§ Problem description: Any picture must be dropped, but each line of the data should be duplicated exactly.

§ Information provided:
>>>
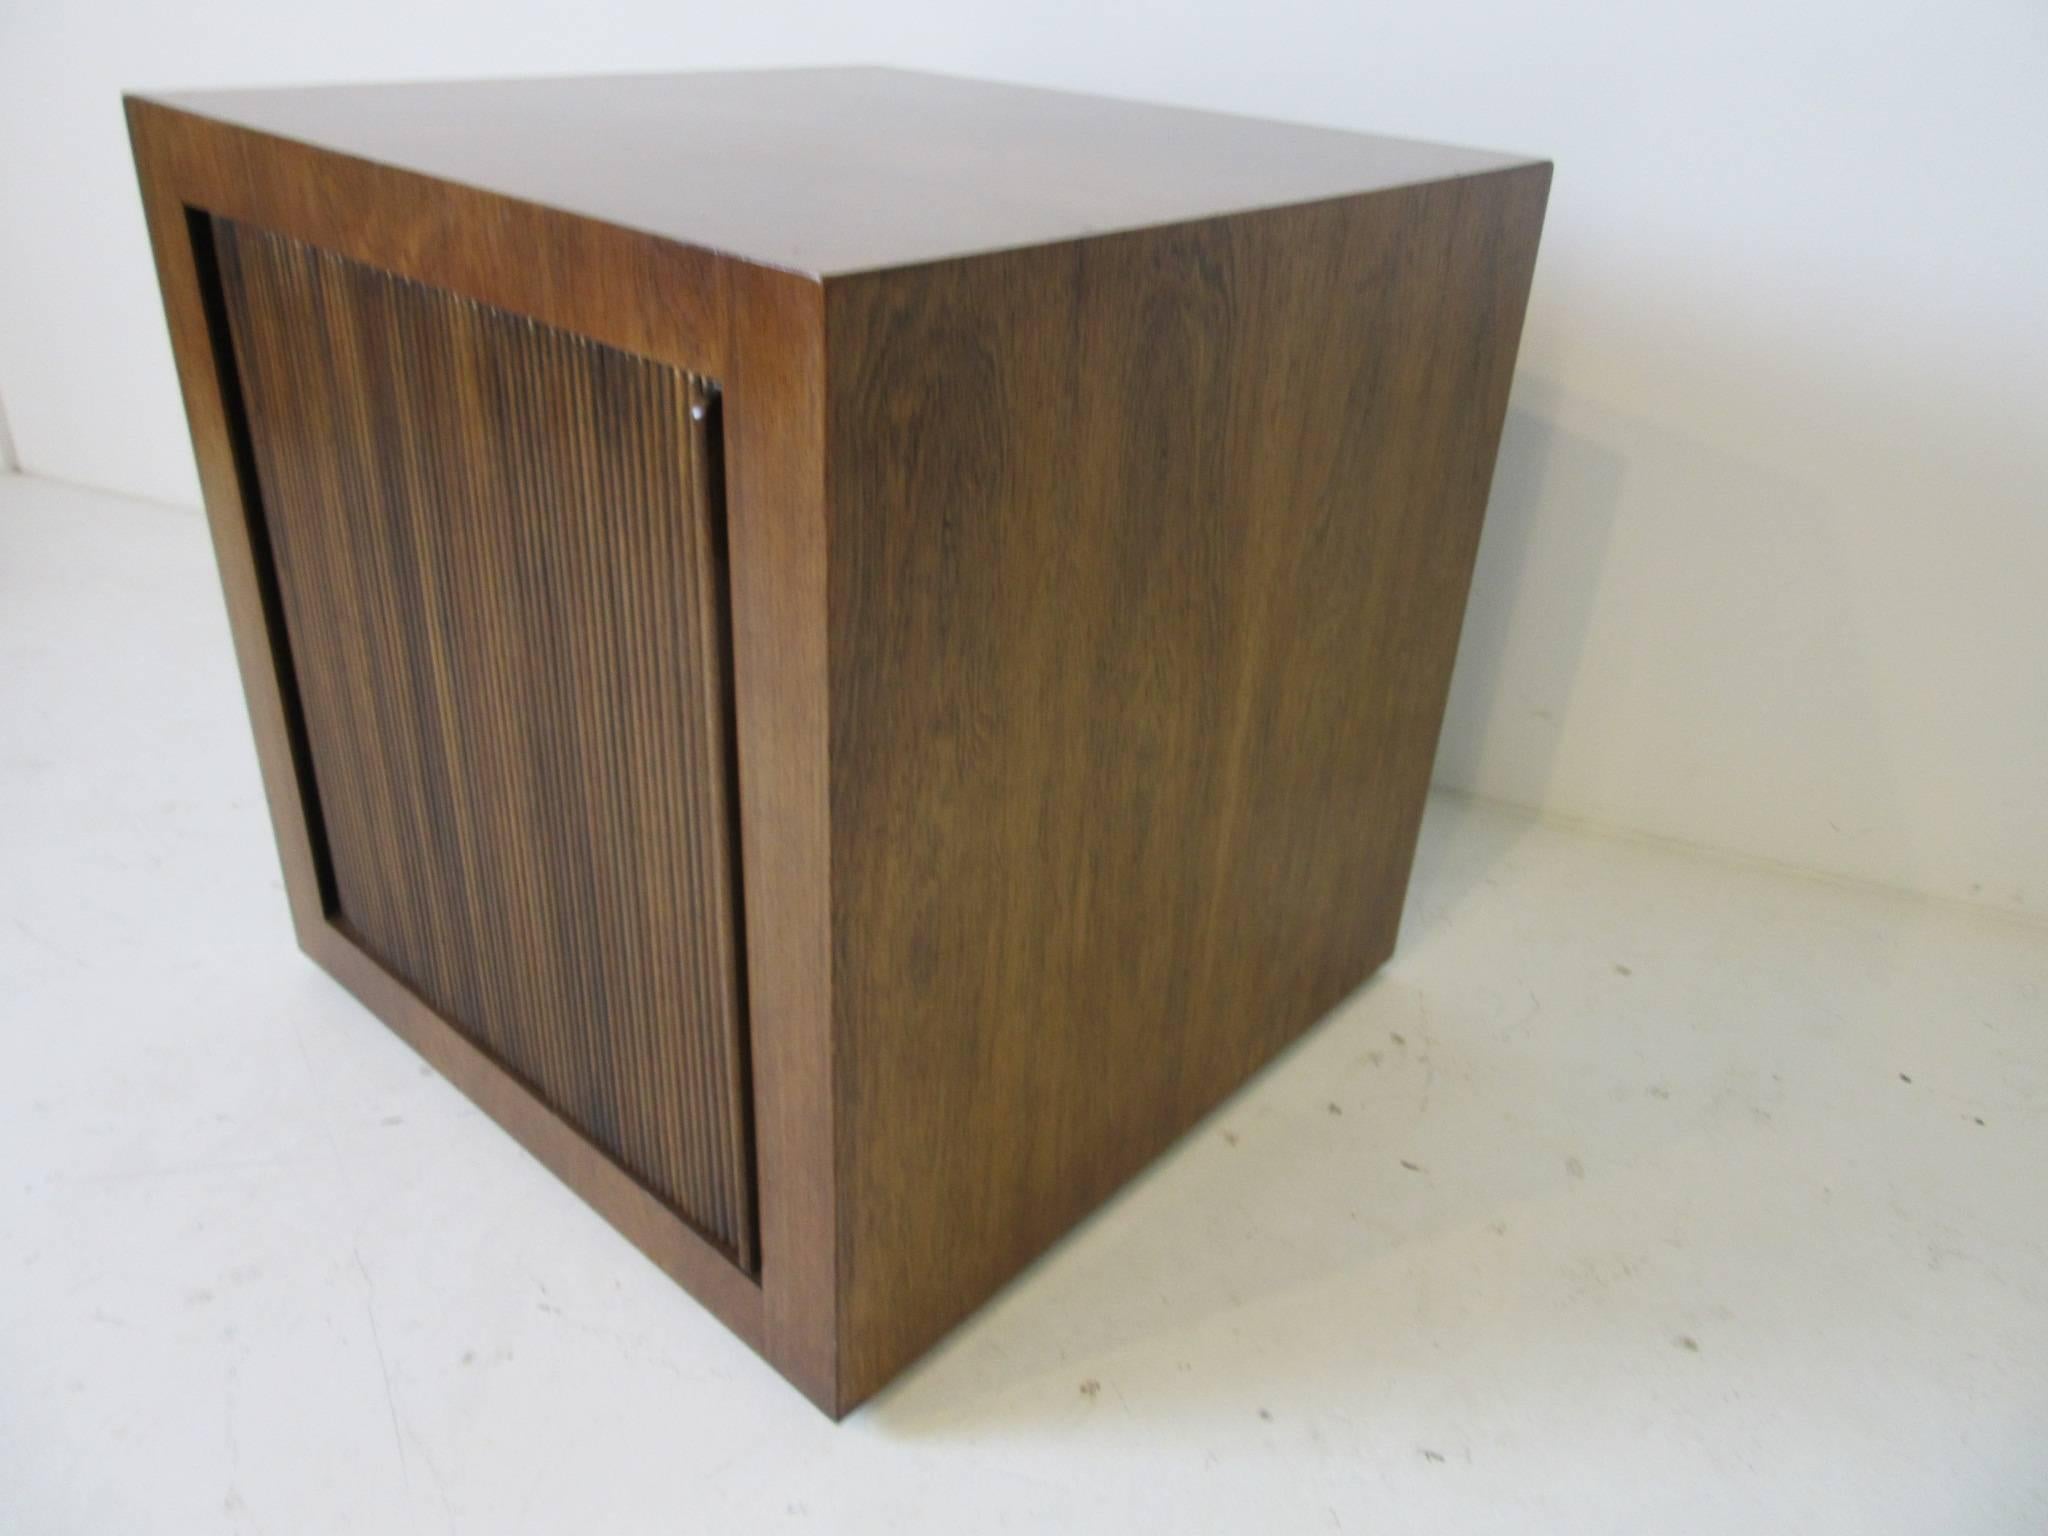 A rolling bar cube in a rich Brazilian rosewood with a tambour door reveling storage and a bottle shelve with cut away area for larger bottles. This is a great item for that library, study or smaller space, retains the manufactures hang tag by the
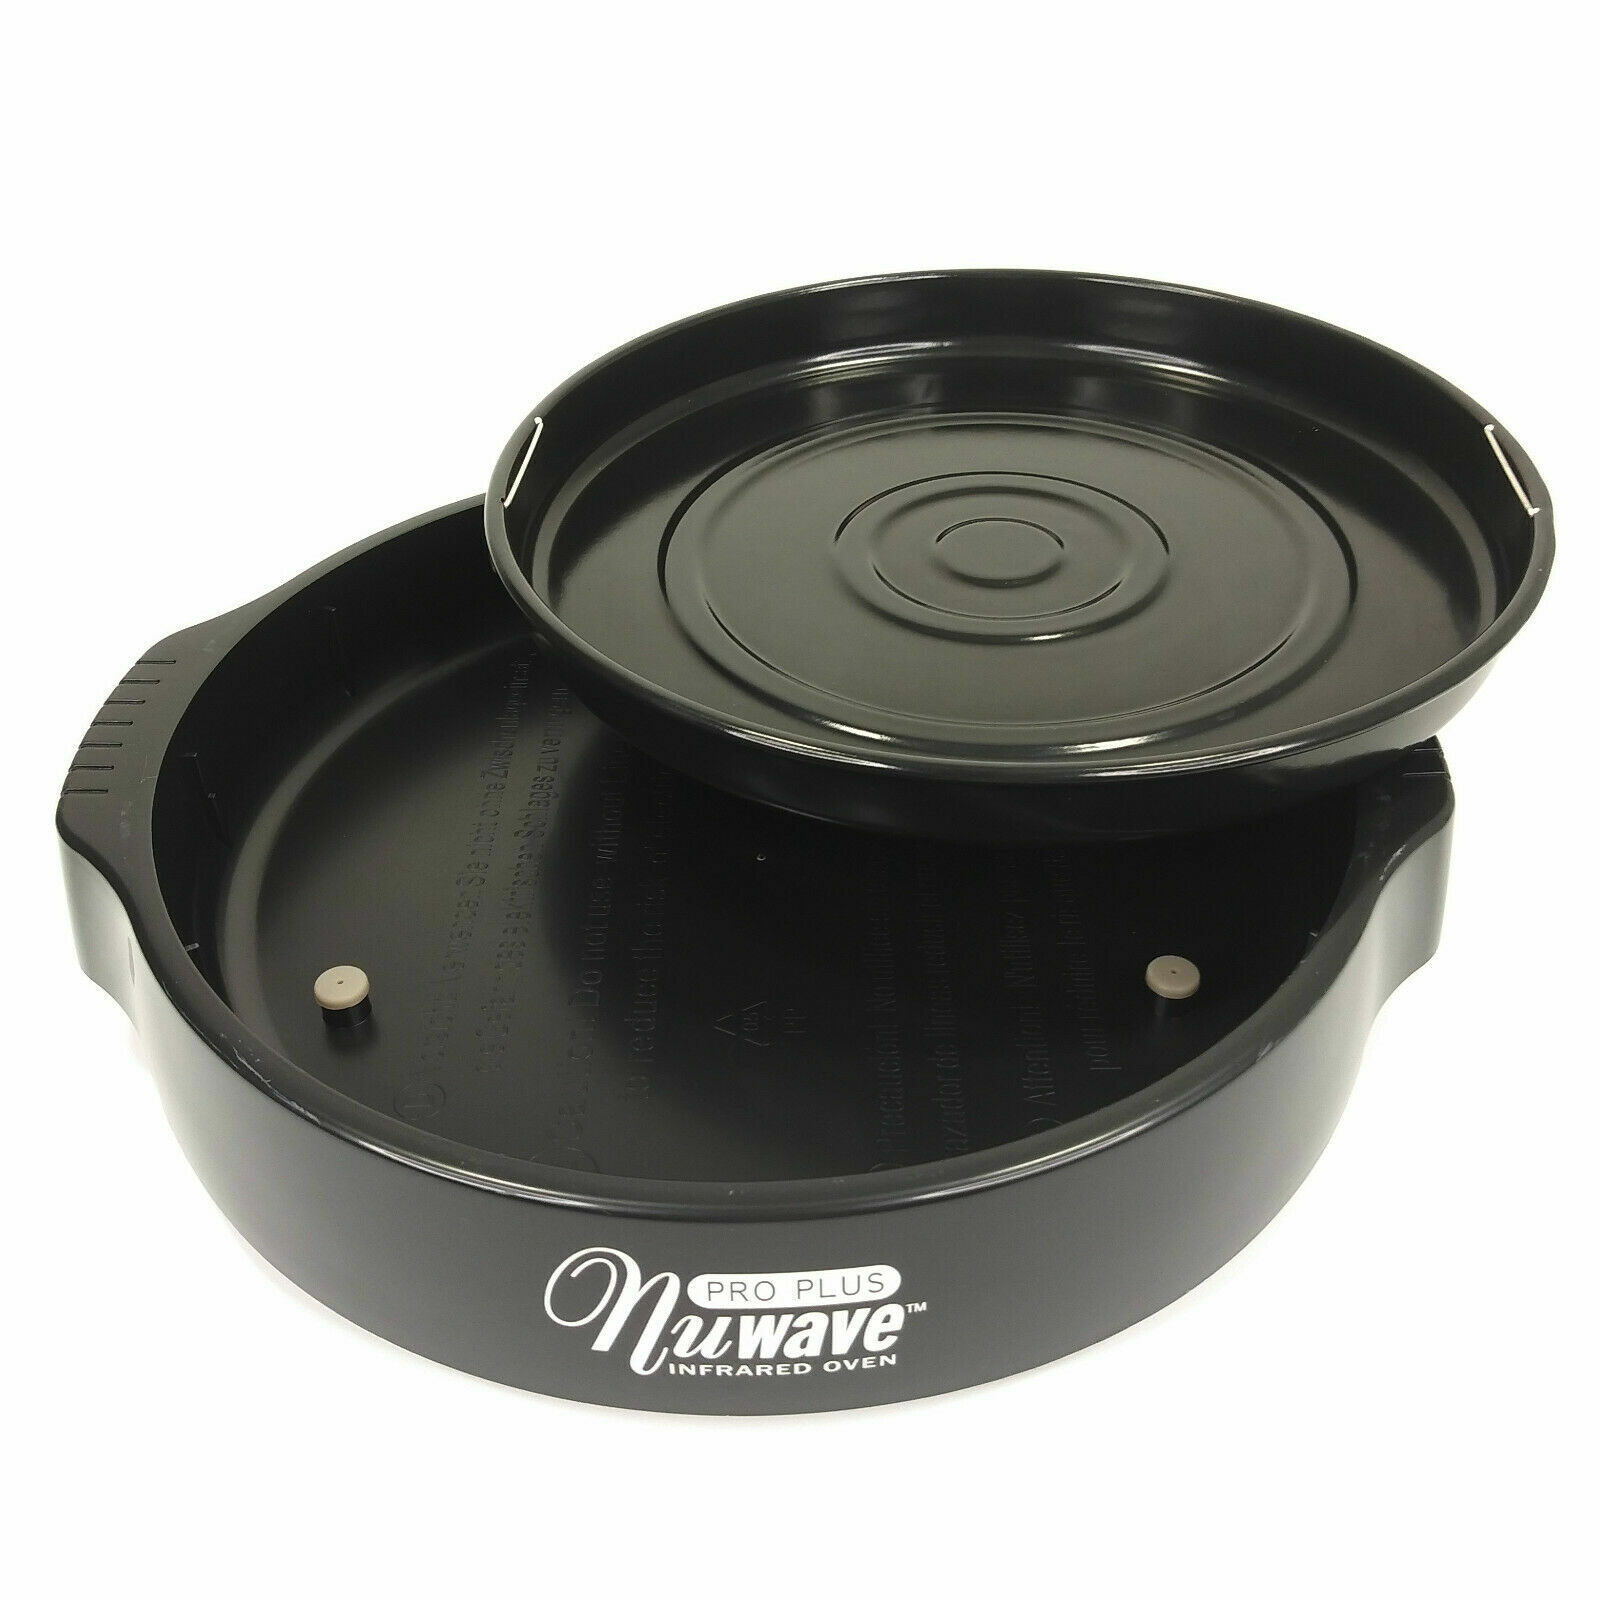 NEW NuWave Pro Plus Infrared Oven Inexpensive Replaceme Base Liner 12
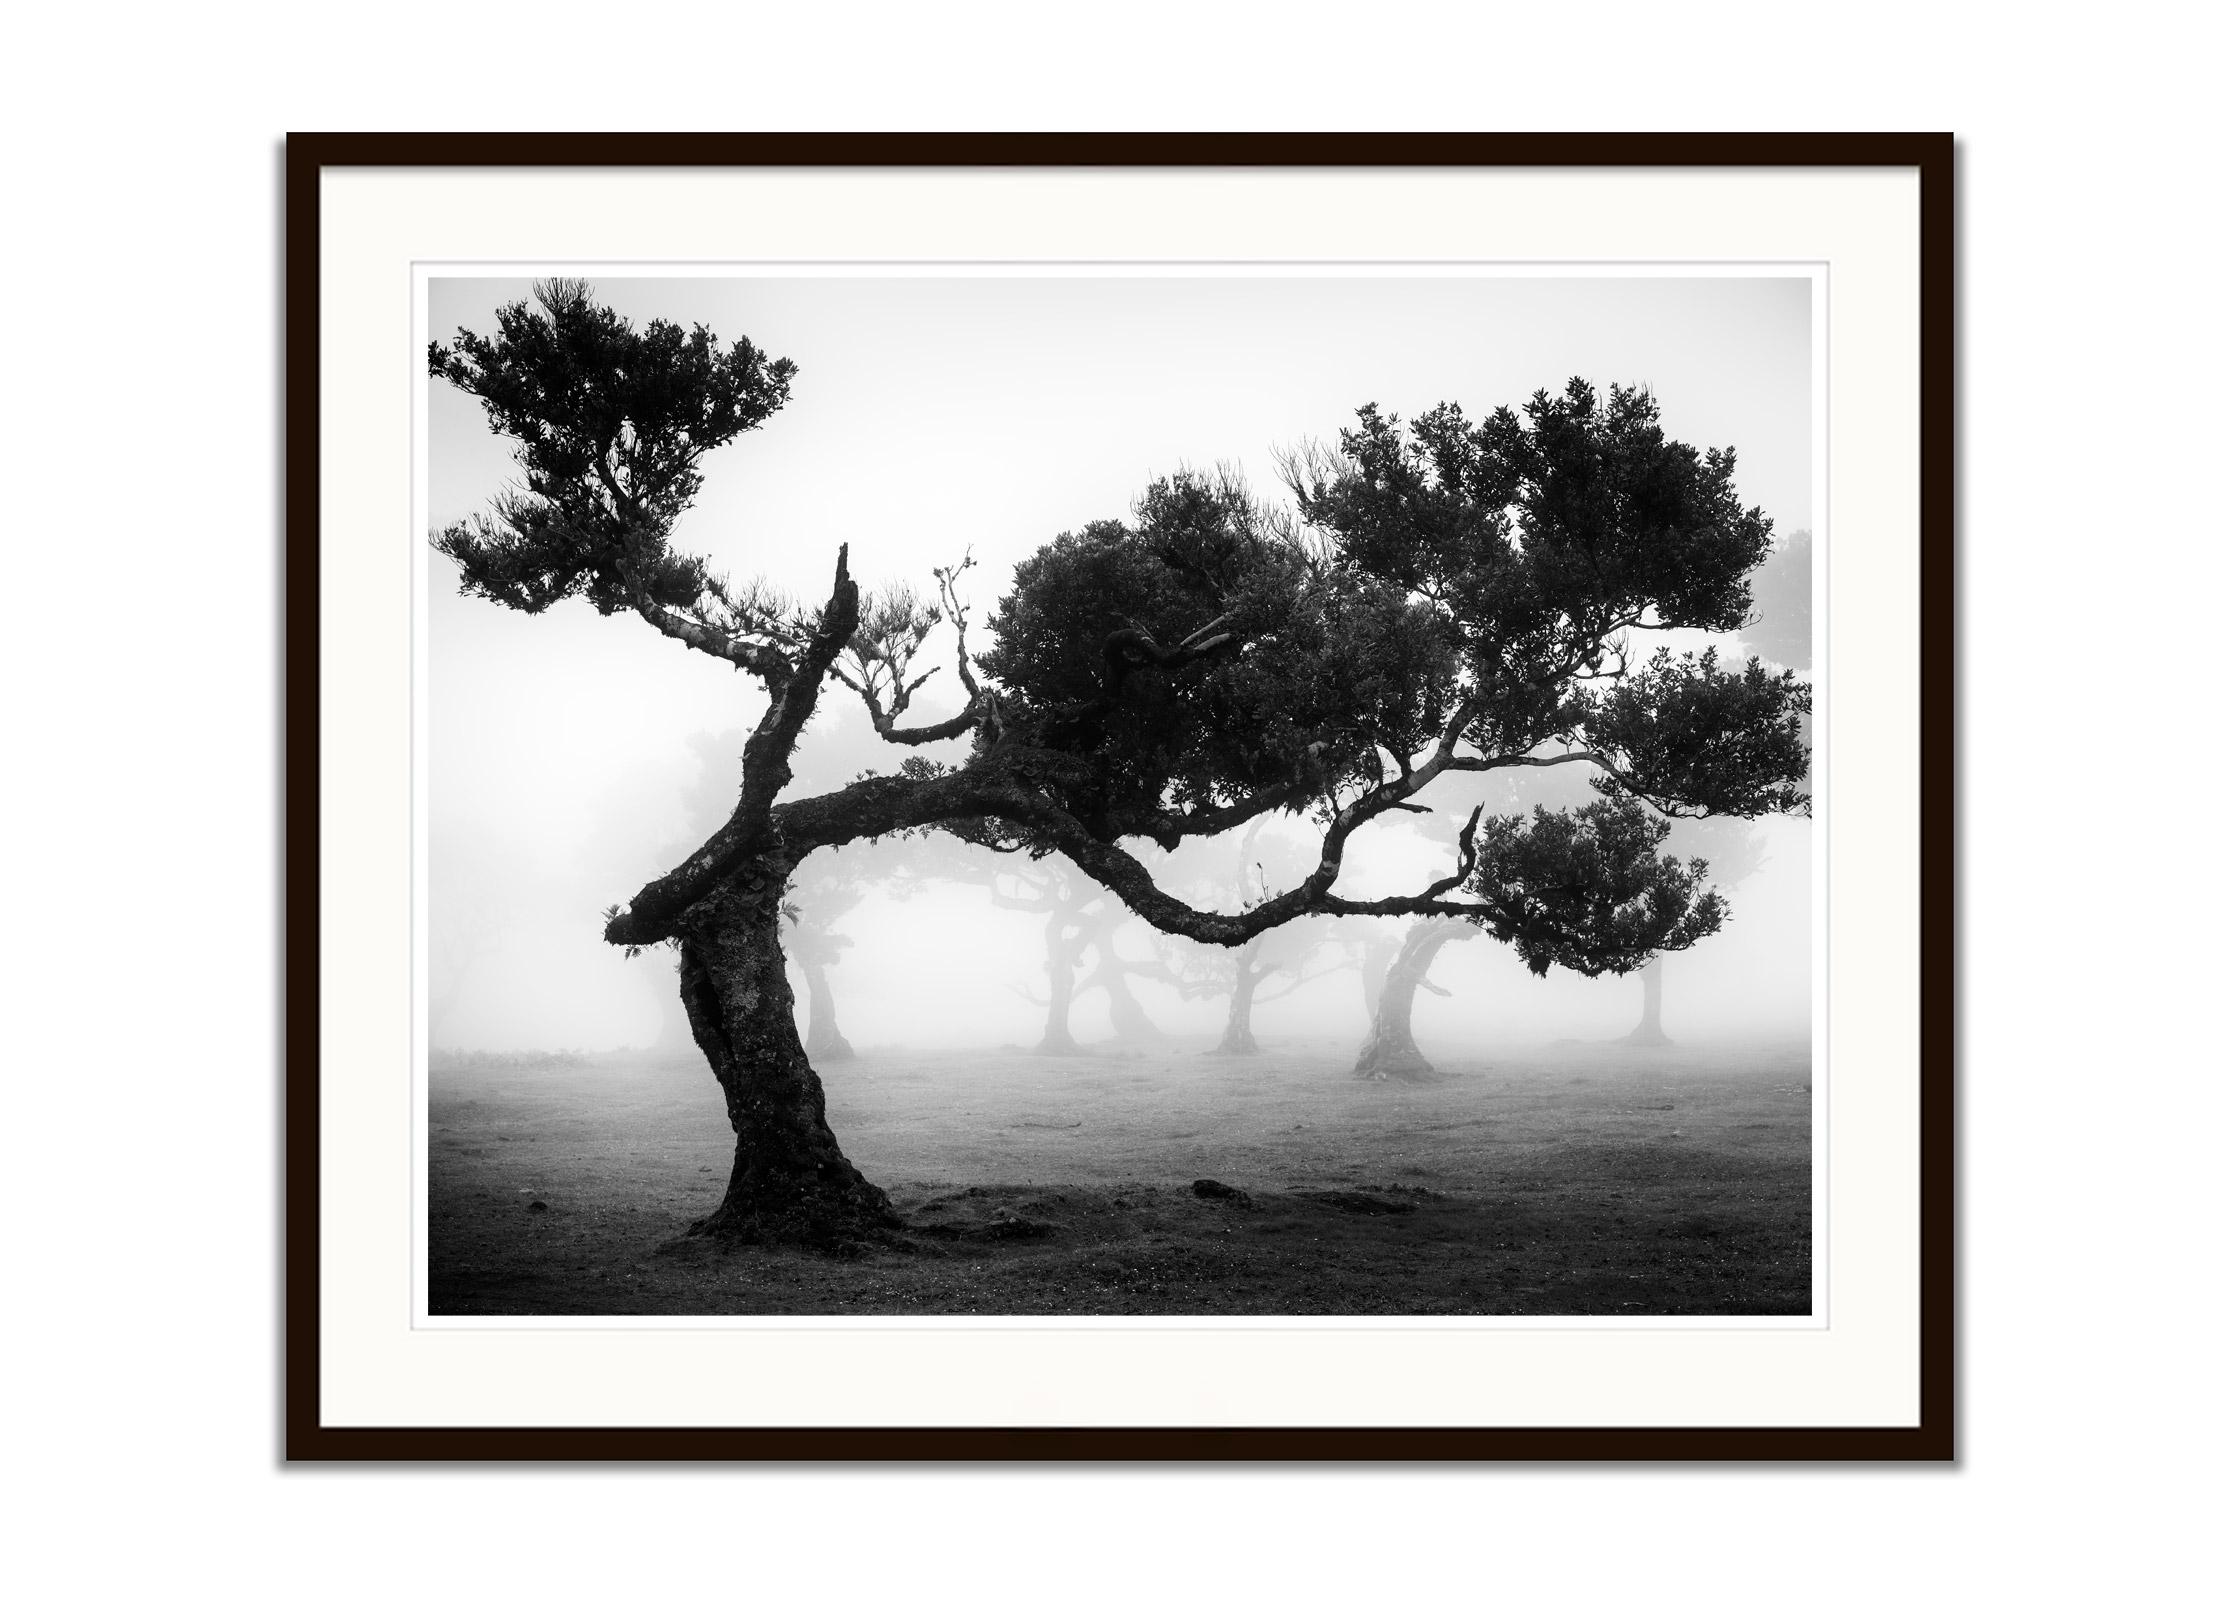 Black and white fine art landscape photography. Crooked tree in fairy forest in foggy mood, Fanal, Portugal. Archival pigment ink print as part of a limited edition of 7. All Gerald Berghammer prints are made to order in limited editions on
<<<
§ Output below:
 A rolling bar cube in a rich Brazilian rosewood with a tambour door reveling storage and a bottle shelve with cut away area for larger bottles. This is a great item for that library, study or smaller space, retains the manufactures hang tag by the
 NEW NuWave Pro Plus Infrared Oven Inexpensive Replaceme Base Liner 12
 Black and white fine art landscape photography. Crooked tree in fairy forest in foggy mood, Fanal, Portugal. Archival pigment ink print as part of a limited edition of 7. All Gerald Berghammer prints are made to order in limited editions on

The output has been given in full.